- _REQUIREMENT_: Copy out the data word for word. The images are not part of the copy.
··· EXERCISE DATA
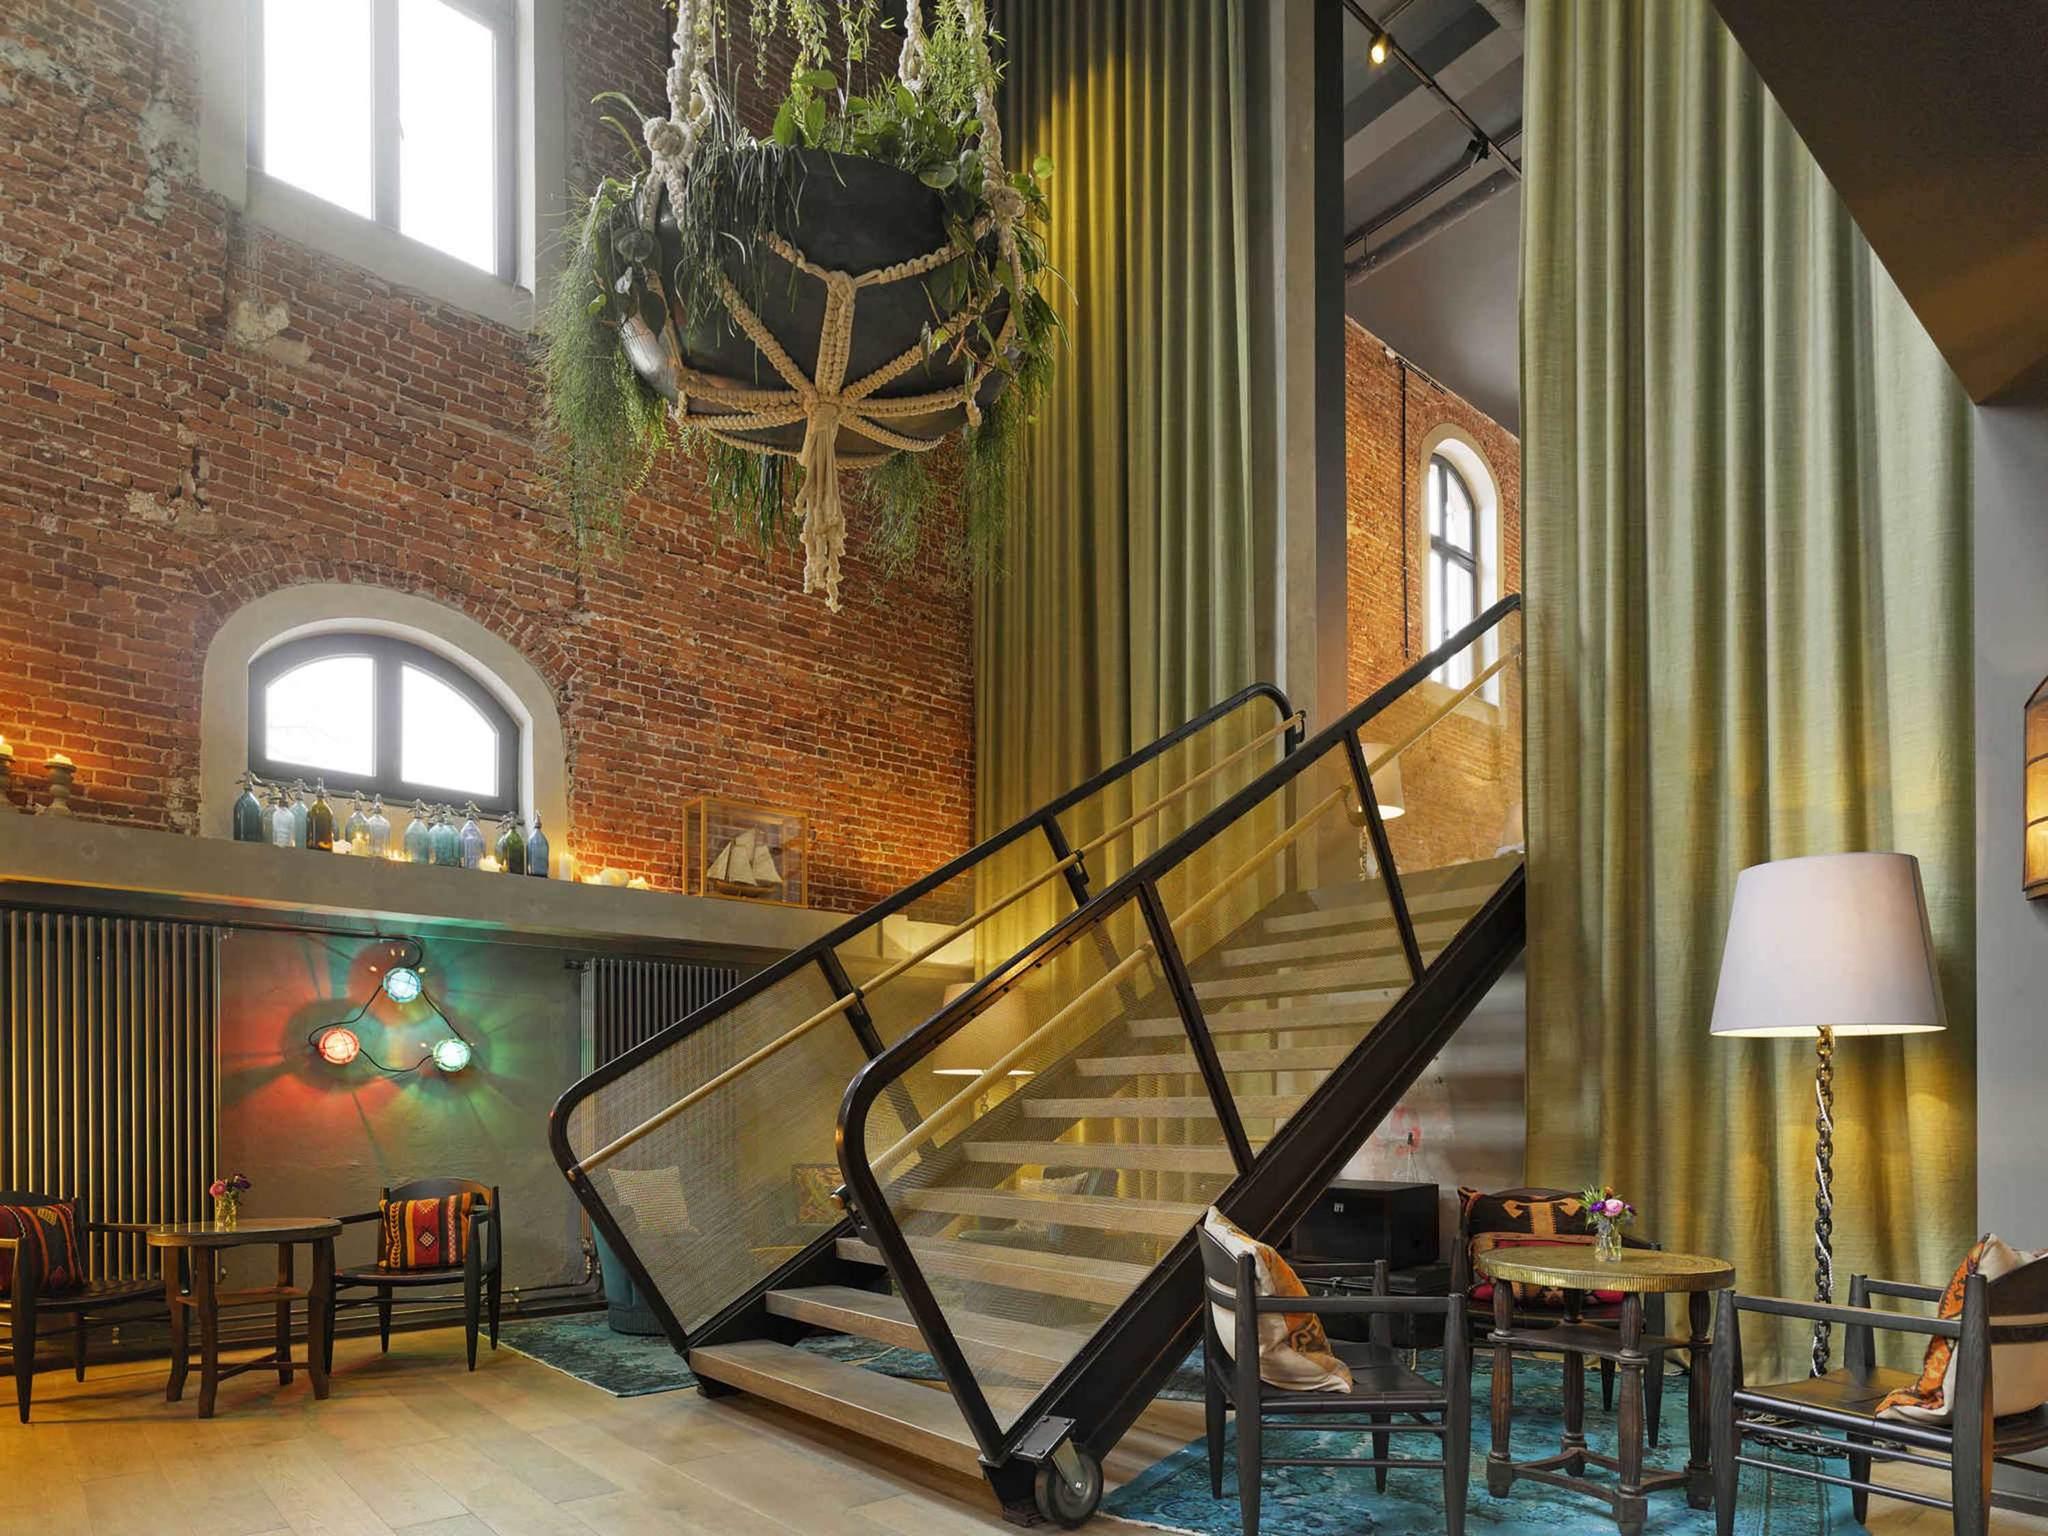 酒店 – 阿尔特斯哈芬纳特 25 小时酒店
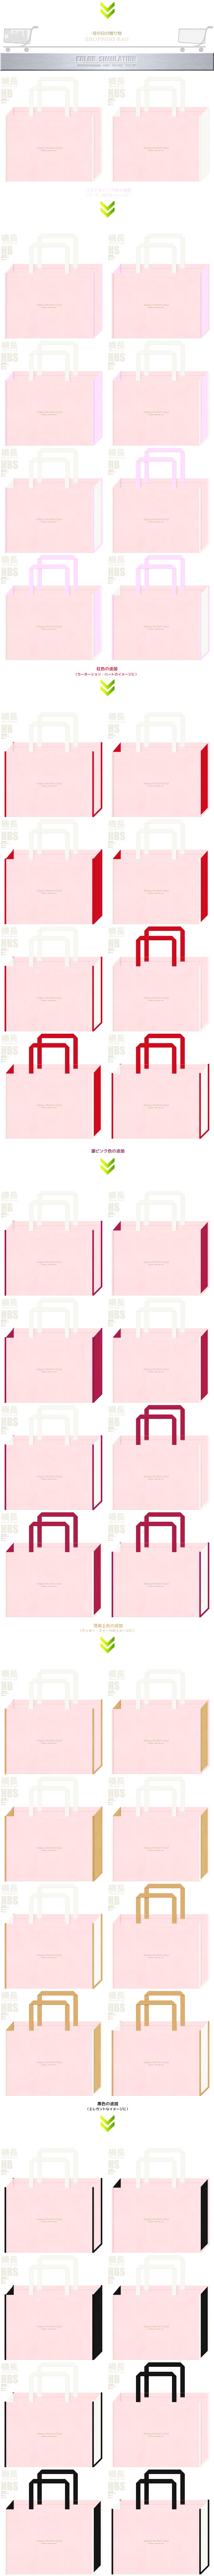 桜色とオフホワイト色をメインに使用した不織布バッグのカラーシミュレーション:母の日ギフトのショッピングバッグ
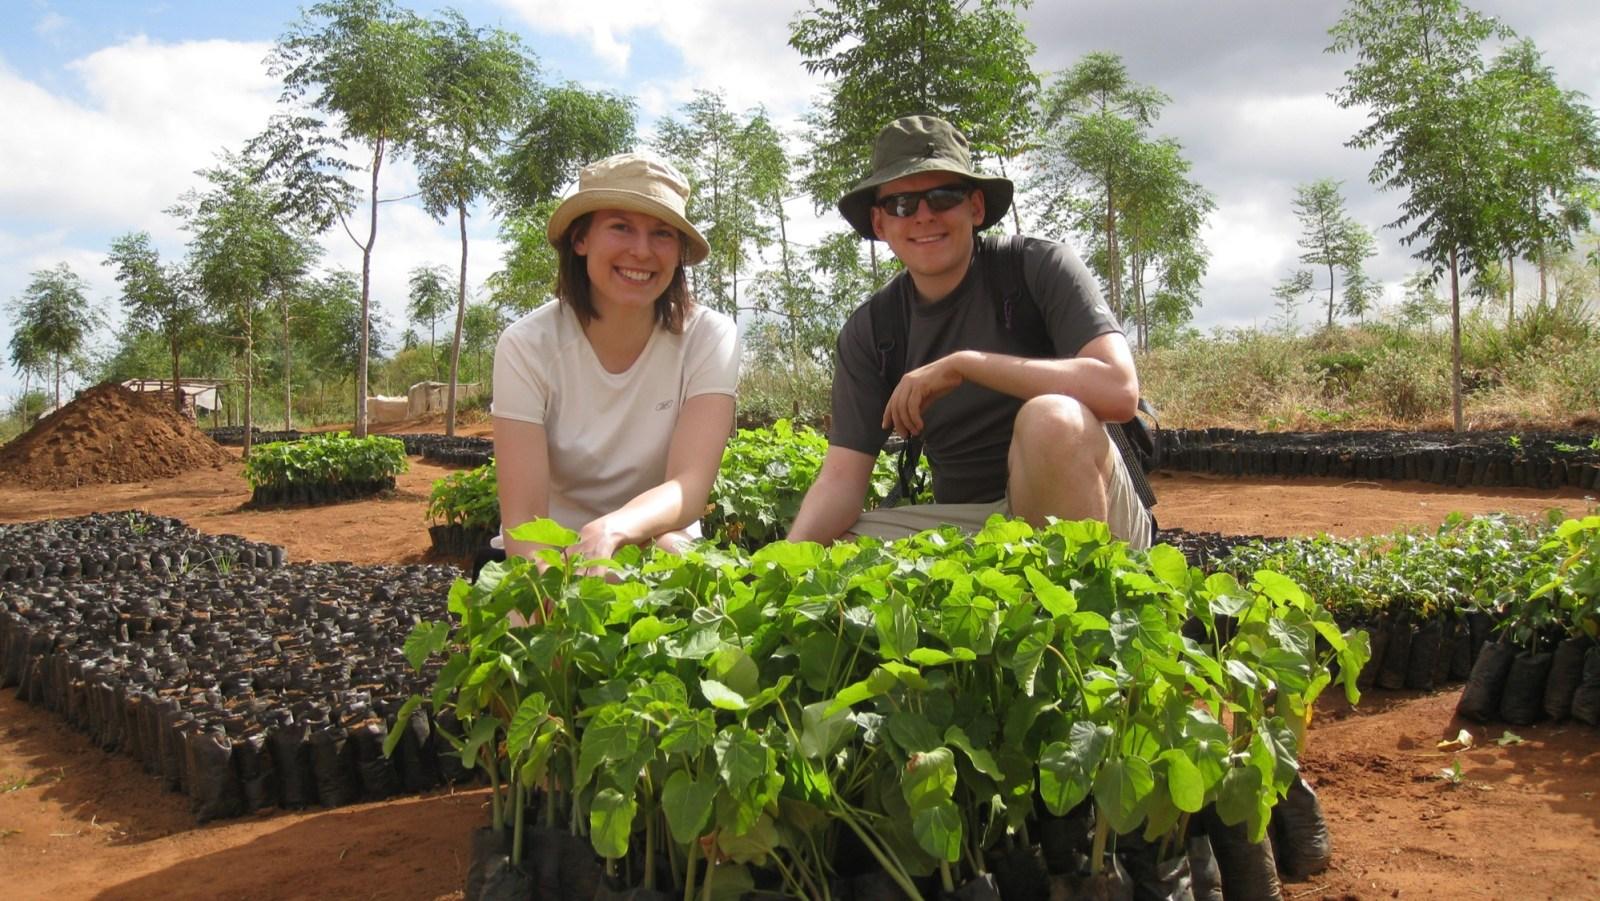 Den här bilden är från plantskolan i Kiambere 2008. Då var kapaciteten ca 10 000 plantor per säsong. Idag är den över 1 200 000 plantor per säsong. Notera att vi står på samma ställe som i nästa bild.
······
- _OUTPUT BELOW_:
 酒店 – 阿尔特斯哈芬纳特 25 小时酒店
 桜色とオフホワイト色をメインに使用した不織布バッグのカラーシミュレーション:母の日ギフトのショッピングバッグ
 Den här bilden är från plantskolan i Kiambere 2008. Då var kapaciteten ca 10 000 plantor per säsong. Idag är den över 1 200 000 plantor per säsong. Notera att vi står på samma ställe som i nästa bild.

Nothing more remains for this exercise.